親がどこまで関わるか、というテーマはこちらの記事でもくわしく書いています。よかったら合わせて読んでみてください。
親が中学受験を知らなくても、大丈夫でした
正直にお話しすると、私自身は中学受験を経験せずに育ちました。だから最初は、「塾はどう選ぶの?」「家でどんな勉強をさせればいいの?」と、わからないことばかり。きっと今これを読んでくださっている方の中にも、同じ不安を抱えている方がいると思います。
でも、やってみてわかったのは、親が経験者でなくても大丈夫だということでした。塾の先生に相談すれば、進め方の道しるべをもらえます。家庭学習は、タブレット教材が一日の流れを作ってくれます。親が全部を教える必要はなくて、「環境を整えて、となりで見守る」ことができれば、それで十分だと感じています。
知らないからこそ、私は娘と一緒に一から学ぶ気持ちで向き合えました。わからないことは、親子で調べる。それもまた、いい時間になっています。経験がないことは、決してハンデではありませんでした。
はじめの一歩は「体験」から。

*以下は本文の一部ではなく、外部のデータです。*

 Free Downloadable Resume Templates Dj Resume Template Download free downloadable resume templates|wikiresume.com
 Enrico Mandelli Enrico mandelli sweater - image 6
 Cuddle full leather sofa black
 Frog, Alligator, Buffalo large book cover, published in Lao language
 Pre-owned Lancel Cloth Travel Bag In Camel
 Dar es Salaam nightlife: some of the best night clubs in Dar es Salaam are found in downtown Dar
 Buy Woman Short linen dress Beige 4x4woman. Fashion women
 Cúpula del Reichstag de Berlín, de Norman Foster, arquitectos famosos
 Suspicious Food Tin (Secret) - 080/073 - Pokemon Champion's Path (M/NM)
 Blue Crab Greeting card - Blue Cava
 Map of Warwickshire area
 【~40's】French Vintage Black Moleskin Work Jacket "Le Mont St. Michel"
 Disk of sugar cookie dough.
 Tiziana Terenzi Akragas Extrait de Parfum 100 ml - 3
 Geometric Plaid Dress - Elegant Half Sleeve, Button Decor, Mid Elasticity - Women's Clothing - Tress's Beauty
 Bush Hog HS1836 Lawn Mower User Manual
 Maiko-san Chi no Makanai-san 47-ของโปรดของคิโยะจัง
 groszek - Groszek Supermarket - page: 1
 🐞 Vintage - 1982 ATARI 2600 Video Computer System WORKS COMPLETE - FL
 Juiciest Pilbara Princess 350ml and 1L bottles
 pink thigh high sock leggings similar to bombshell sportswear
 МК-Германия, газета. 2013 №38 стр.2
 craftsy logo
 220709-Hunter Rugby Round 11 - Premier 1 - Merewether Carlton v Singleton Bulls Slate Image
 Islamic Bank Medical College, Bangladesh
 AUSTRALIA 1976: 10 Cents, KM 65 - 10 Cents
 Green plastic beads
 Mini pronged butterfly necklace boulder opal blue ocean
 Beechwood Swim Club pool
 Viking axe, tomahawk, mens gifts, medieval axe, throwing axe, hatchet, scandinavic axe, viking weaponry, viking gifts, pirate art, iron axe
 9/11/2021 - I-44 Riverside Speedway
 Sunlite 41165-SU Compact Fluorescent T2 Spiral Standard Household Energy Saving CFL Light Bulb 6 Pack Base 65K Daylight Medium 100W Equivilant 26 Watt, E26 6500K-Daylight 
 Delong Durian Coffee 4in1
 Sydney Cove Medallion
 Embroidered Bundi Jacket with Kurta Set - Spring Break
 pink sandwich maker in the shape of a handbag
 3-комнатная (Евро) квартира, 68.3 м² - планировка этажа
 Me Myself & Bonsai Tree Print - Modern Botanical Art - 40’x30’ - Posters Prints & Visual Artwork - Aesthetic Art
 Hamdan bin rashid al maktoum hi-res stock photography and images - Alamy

無理なく始めて大丈夫
中学受験の準備は、いきなり完璧な形を作る必要はありません。わが家も、週1の塾から、家庭学習から、少しずつ形を整えてきました。これから始める方は、まず塾の体験授業に行ってみたり、タブレット教材の資料を取り寄せて、お子さんに合いそうか見てみるところからで十分だと思います。
「働いているから」「シングルだから」と、はじめからあきらめなくて大丈夫。送迎のいらない教材やオンラインをうまく組み合わせれば、無理のない形はきっと見つかります。わが家もまだ準備の途中です。完璧じゃなくていい、その家庭に合ったペースで一歩ずつ。それが、長く続けられる準備の形だと思っています。
※受験の制度や塾のしくみは、学校や年度によって変わります。最新の情報は、志望校の募集要項や説明会、塾の先生に直接ご確認ください。